Das Hauptproblem: Der zusätzliche Verkehr, der von den rund 100 neuen Wohneinheiten ausgeht, würde vorerst zum großen Teil über die Schillerstraße gelenkt werden. Das soll über zwei Durchstiche vom Neubaugebiet auf eben die Schillerstraße passieren. Eine weitere Ausfahrt entsteht über den Herdicksbach zur Viktorstraße. So zumindest sieht es die derzeit favorisierte Lösung der Verwaltung vor.

„Der Spielplatz ist einer der größten in Waltrop“

„Keine gute Idee. Das ist zu gefährlich“, sagen die Anwohner der Schillerstraße. Sie haben eine Interessensgemeinschaft (IG) gebildet. „Der Spielplatz ist einer der größten in Waltrop“, sagt Matthias Hopp von der IG. Dummerweise befindet der sich direkt an der Ecke, wo der erste Straßen-Durchstich ins Neubaugebiet geplant ist.

Scheiba glaubt, Lösung gefunden zu haben

Stadtplaner Andreas Scheiba kann das Anliegen nachvollziehen, sagt aber, dass man bereits eine Lösung gefunden habe, um den Spielplatz sicher zu gestalten. „Wir trennen den Spielplatz mit einem Wall ab und installieren zusätzlich einen Zebrastreifen“, so Scheiba. Dadurch könne man die Sicherheit gewährleisten. Eine Lösung, mit der die Anwohner so nicht einverstanden sind.

„Die Schillerstraße ist eine Schwachstelle"

Währenddessen hat sich auch die Politik zu dem Thema geäußert. In einem Vor-Ort-Termin begutachteten am Montag Vertreter von SPD und CDU die angeprangerte Ecke. „Die Schillerstraße ist eine Schwachstelle in der Planung“, sagt Klaus Beie (SPD). Darauf habe seine Fraktion bereits im Stadtentwicklungsausschuss hingewiesen. Auch Ludger Finke, der die CDU repräsentierte, blies ins gleiche Horn. Es müsse nachgebessert werden.

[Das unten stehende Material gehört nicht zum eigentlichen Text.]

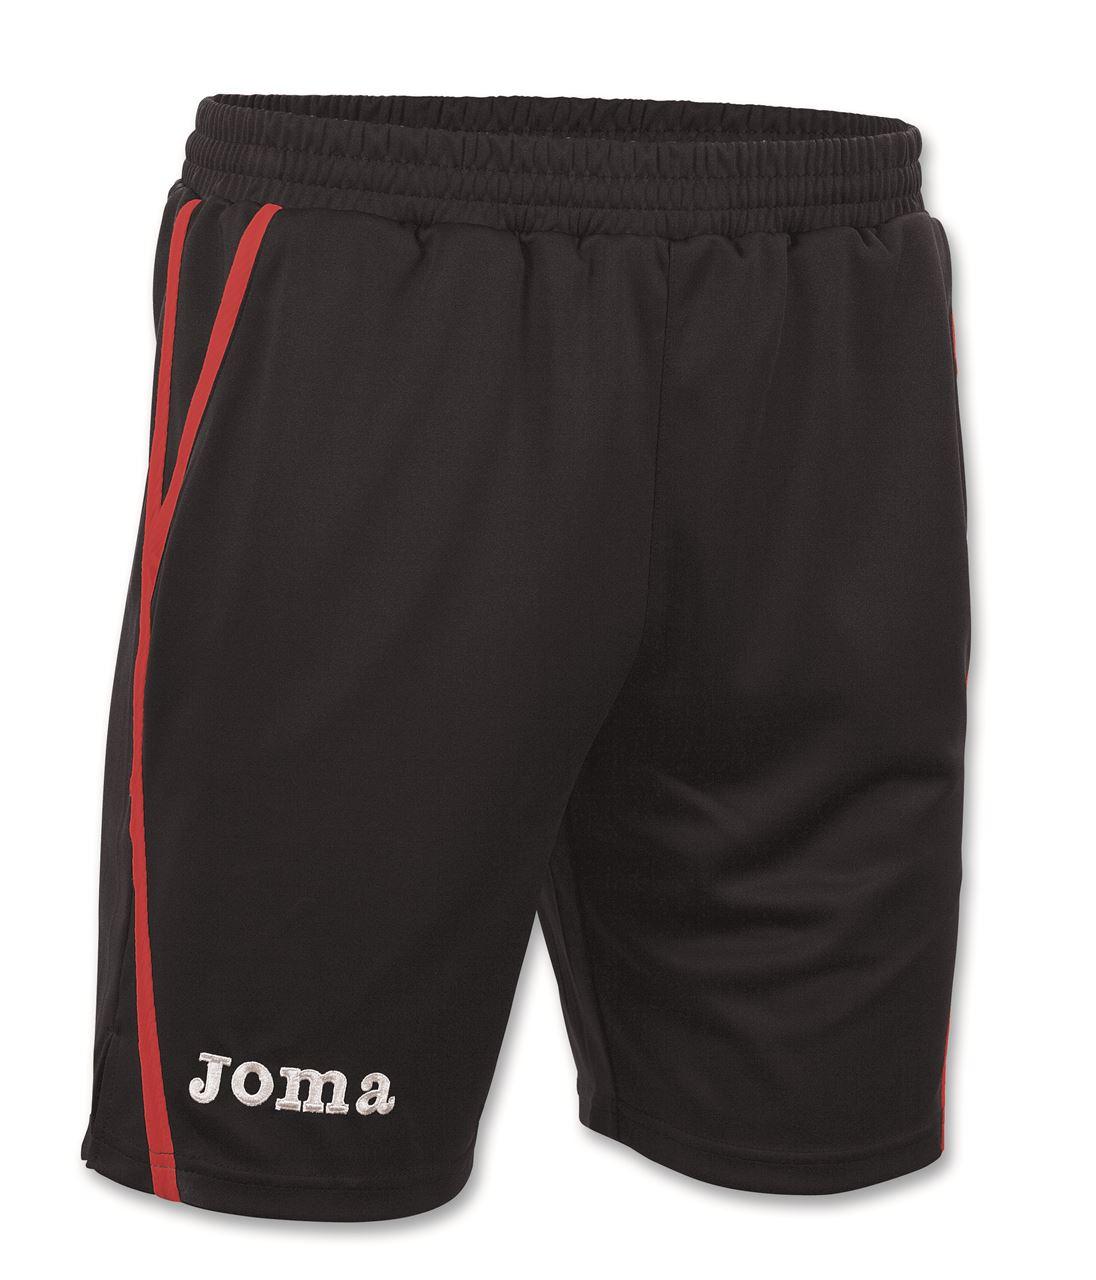 Joma Combi Junior Bermuda 2006.13

Vorschlag der IG Schillerstraße

Ein Vorschlag der IG Schillerstraße: Den zweiten Bauabschnitt über Meßmanns Feld schon jetzt teilerschließen, die ohnehin geplante Straße dort zeitgleich mit dem ersten Bauabschnitt bauen. So würde der Verkehr direkt auf die Goethestraße gelenkt werden. „Wir sind ja überhaupt nicht gegen das Neubaugebiet“, macht Matthias Hopp deutlich. Nur die Verkehrsführung müsse einfach verbessert werden. Mit dem hinteren Durchstich auf die Schillerstraße könne man auch leben.

Interessant dürfte jetzt das Verkehrsgutachten werden, das bereits in Arbeit ist. Wenn das vorliegt, werde man weitersehen, sagt Stadtplaner Andreas Scheiba.